To download data used in the paper, run the download_files.py script. You can specify what you want to download according to the four flags: 1) get_data = True will download the two neural datasets (NH2015, B2021) and the component dataset (NH2015comp). 2) get_model_actv = True will download the activations of the models used in the paper. 3) get_results = True will download the outputs of the analyses in the paper. 4) get_fsavg_surf = True will download the surface maps in the paper.

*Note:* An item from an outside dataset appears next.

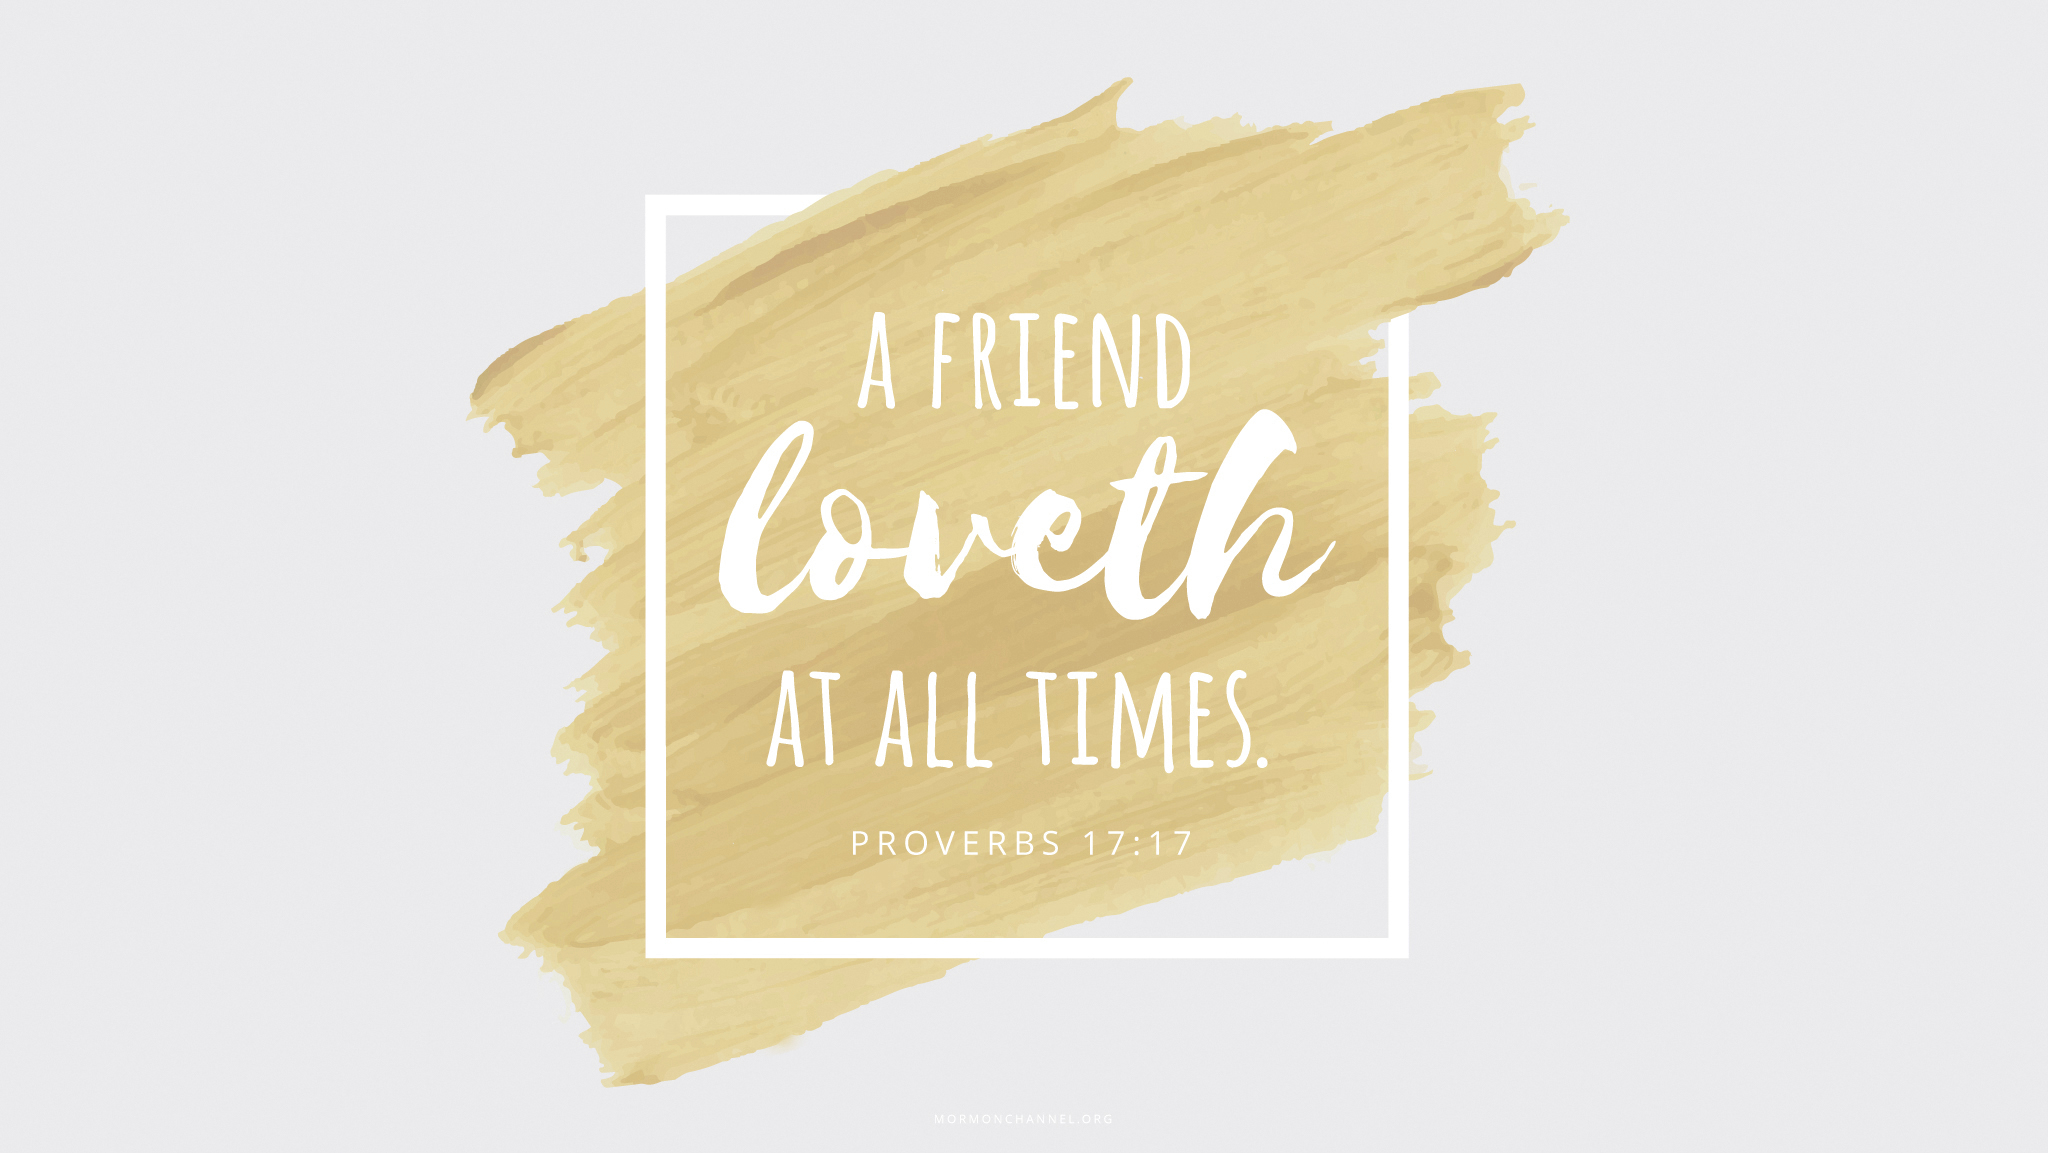 """A friend loveth at all times.""—Proverbs 17:17"

Obtaining predictivity scores for DNNs

We used to common model-brain evaluation metrics, namely regression and representational similarity analysis (RSA), as demonstrated in the figure below.

Regression

To perform regression from DNN activations (regressors) to brain/component responses, run /aud_dnn/AUD_main.py. This script 1. Loads a DNN unit activations from a given model (source_model) and layer (source_layer), 2. Loads the target (target) of interest (either neural data: NH2015 (Norman-Haignere et al., 2015; 7,694 voxels across 8 participants) or B2021 (Boebinger et al., 2021; 26,792 voxels across 20 participants), or component data NH2015comp (Norman-Haignere et al., 2015; 6 components), 3. Runs a ridge-regression across 10 splits of the data (165 sounds; 83 sounds in train and 82 sounds in test) and stores the outputs in /results/ in subfolders with an identifier corresponding to the DNN name.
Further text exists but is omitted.